Likewise VisualDx had Schnitzler’s at the top of the differential, but as much as I agree that all physicians need to understand and use point of care diagnostic decision support, we should recognize that relatively rare diseases like Schnitzler are uncommon and relatively easy for decision support to “pick up”.   The real need is to handle the cases when clinicians do not know they need help, but do need help.  How do you know what you don’t know?  Uncommon diseases are uncommon, and therefore variants of common are much more common that rare diseases.   Our real challenge in decision support is to provide tools that also provide useful and valuable content around the common, and more particularly with the variants of the common so clinicians have decision support top of mind.  80-20 rule:  If 80% of diagnoses are common, then it is reasonable to assume that variants of the 80% dwarf the super rare diseases in number.  It is also safe to assume that clinicians who are in a constant rush, and bogged down by mind-numbing EHR charting exercises, will question the efficiency of using these tools.  We are focused on variation in disease presentation in our work with the goal of expanding the use of decision support beyond use for seemingly rare presentations.  We belive that the memory based training and care delivery system creates self-fulfilling prophecies where clinicians ask questions around the “classic presentation disease” scripts they memorize, but do not know the questions to ask around the related variants.  As an example,  over 100,000 people are admitted to hospitals each year for cellulitis when they do not have cellulitits.  This is a boring “story” for decision because cellulitis is common, but there is so much harm happening just from error around this single diagnosis.  How do we bend this curve and reduce unnecessary admissions while recognizing all true positives?   By focusing on commn diseases and their variants we can expand the use of decision support.

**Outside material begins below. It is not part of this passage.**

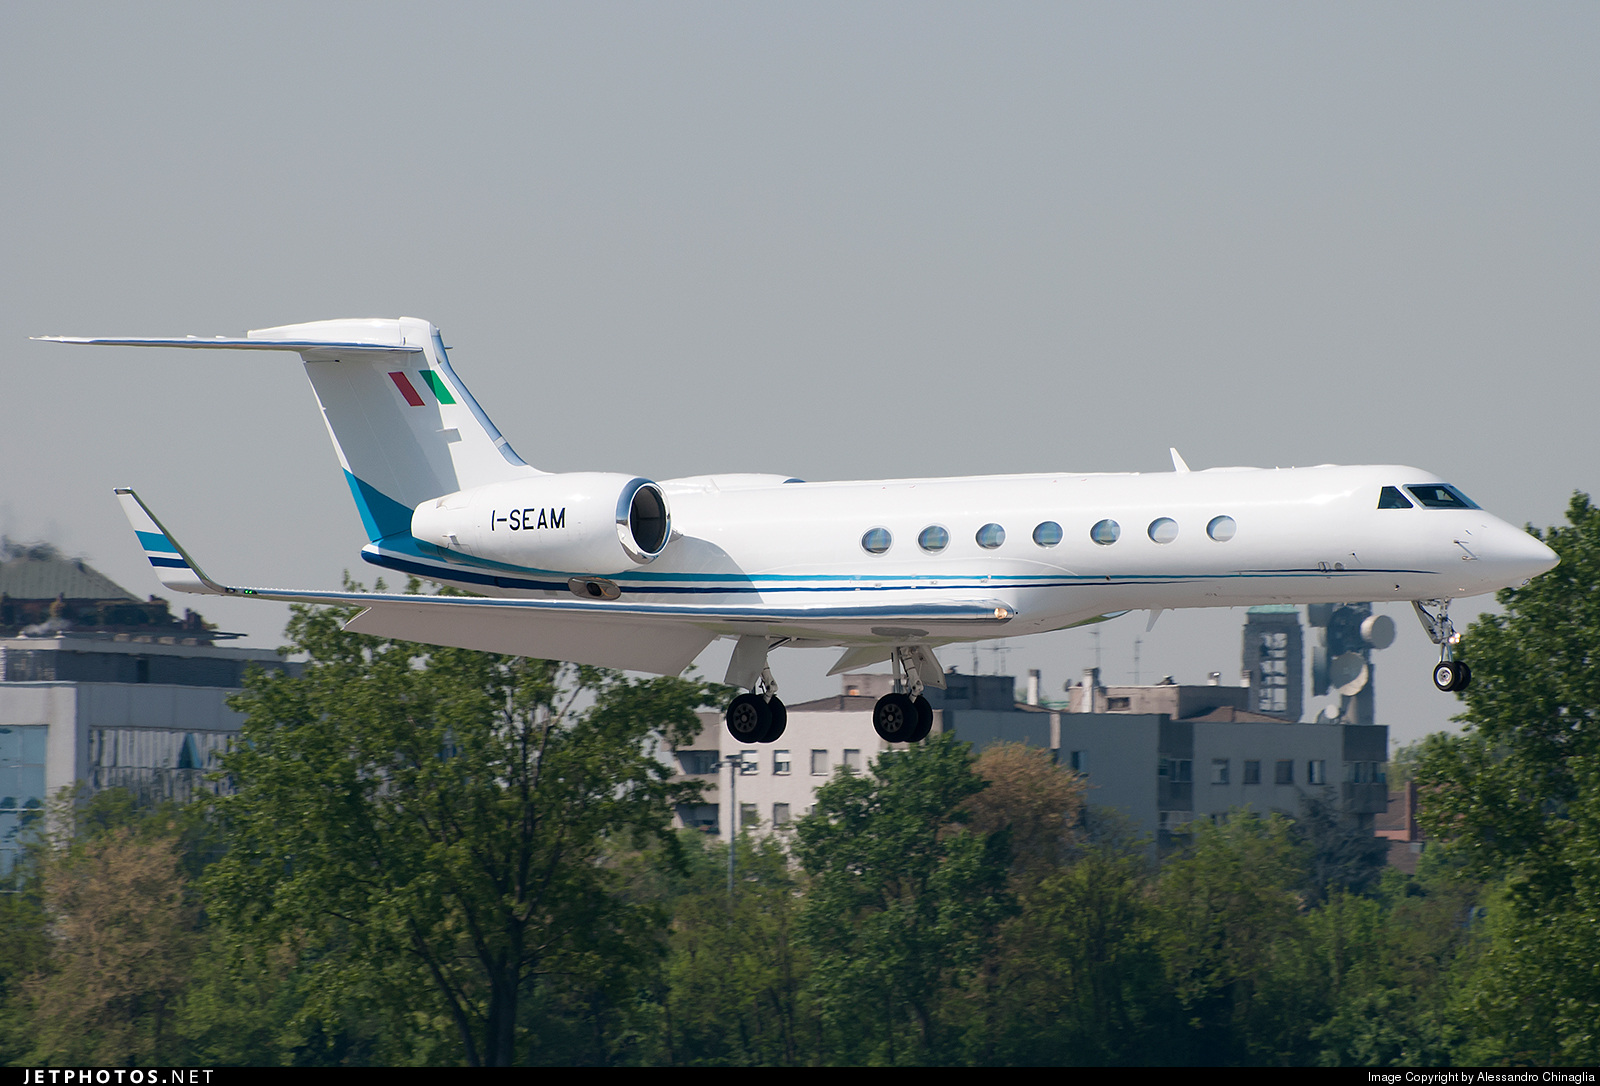 I-SEAM - Gulfstream G550 - SNAM - Servizi Aerei

Thanks to Lisa for another wonderfully written great case and prompting discussion at SIDM !
Art

Art Papier MD
CEO VisualDx
Associate Professor of Dermatology and Medical Informatics
University of Rochester
From: Edward Hoffer [mailto:ehoffer at GMAIL.COM]
Sent: Sunday, February 18, 2018 6:40 PM
To: IMPROVEDX at LIST.IMPROVEDIAGNOSIS.ORG<mailto:IMPROVEDX at LIST.IMPROVEDIAGNOSIS.ORG>
Subject: Re: [IMPROVEDX] NYTimes: Her Various Symptoms Seemed Unrelated. Then One Doctor Put It All Together.

This story makes a very good case for the use of computer-based diagnostic decision support systems. I entered the findings into the one with which I work, DXplain, and Schnitzler's came in ranked #1 I did not try Isabel, but would not be surprised if it also had the correct diagnosis near the top. Much easier than spending the reported "hours" in PubMed that the hero expended to arrive at the correct diagnosis.
Ed
Edward P Hoffer MD, FACC, FACP

On Sun, Feb 18, 2018 at 9:16 AM, Joe Graedon <jgraedon at gmail.com<mailto:jgraedon at gmail.com>> wrote:
https://www.nytimes.com/2018/02/14/magazine/her-various-symptoms-seemed-unrelated-then-one-doctor-put-it-all-together.html?smprod=nytcore-ipad&smid=nytcore-ipad-share

Chills, sweats, hives, achey bones — the older woman was sick for years before someone figured out the unusual disease that ailed her.